Repo-side artefacts that need a local checkout (Dockerfiles, dependabot.yml, SECURITY.md, Renovate config) are NOT collected in remote mode — controls that depend on them simply see absent inputs and produce no findings. Same degraded-mode contract as missing API auth elsewhere.

func ScanGitHubWorkflowsWithProgress added in v0.3.0

func ScanGitHubWorkflowsWithProgress(projectPath, defaultBranch, rootDir, apiHost string, enrichActionMetadata bool, progressFn ProgressFunc) (pipeline *ir.NormalizedPipeline, partialErrors []error, err error)

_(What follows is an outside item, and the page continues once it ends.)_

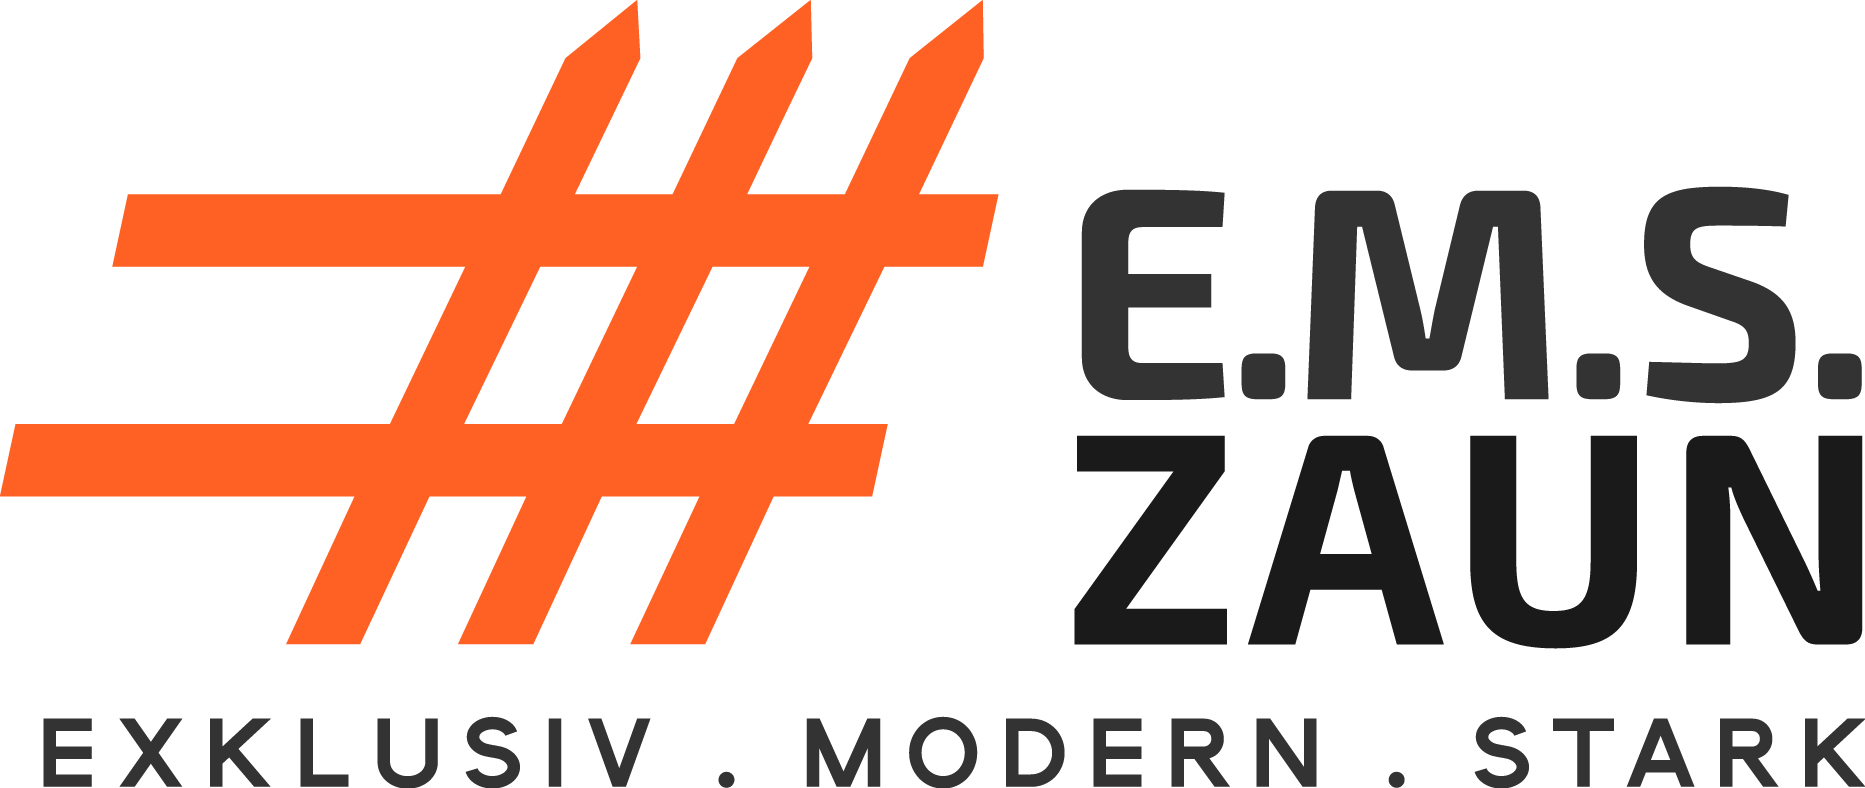 EMSZaun-Logo1-4c.jpg

ScanGitHubWorkflowsWithProgress mirrors ScanGitHubWorkflows but notifies the caller through progressFn as it works. The progress total is sized so the bar advances monotonically end-to-end:

step 1                 Scanning workflow files
step 2..(1+N)          Resolving action <n>      (N unique refs)
step 2+N               Scan complete

The last step (policy evaluation) is reported by the caller (RunGitHubAnalysis) using the same total so the bar keeps climbing. progressFn may be nil; callers that don't care about progress should call the plain ScanGitHubWorkflows variant.

func ToNormalizedPipeline added in v0.3.0

func ToNormalizedPipeline(
	projectPath string,
	defaultBranch string,
	ciConfigPath string,
	origin *GitlabPipelineOriginData,
	images *GitlabPipelineImageData,
	protection *GitlabProtectionAnalysisData,
) *ir.NormalizedPipeline

ToNormalizedPipeline projects the GitLab collector outputs onto a provider-agnostic IR. Phase 1b: only the fields required by the first rule ported to Rego (image/mutable_tag) are mapped. Additional fields (services, includes, branch protection, etc.) will be filled in as each rule is migrated.

This function is pure: no I/O, no external state. It is safe to call from tests with hand-built fixtures.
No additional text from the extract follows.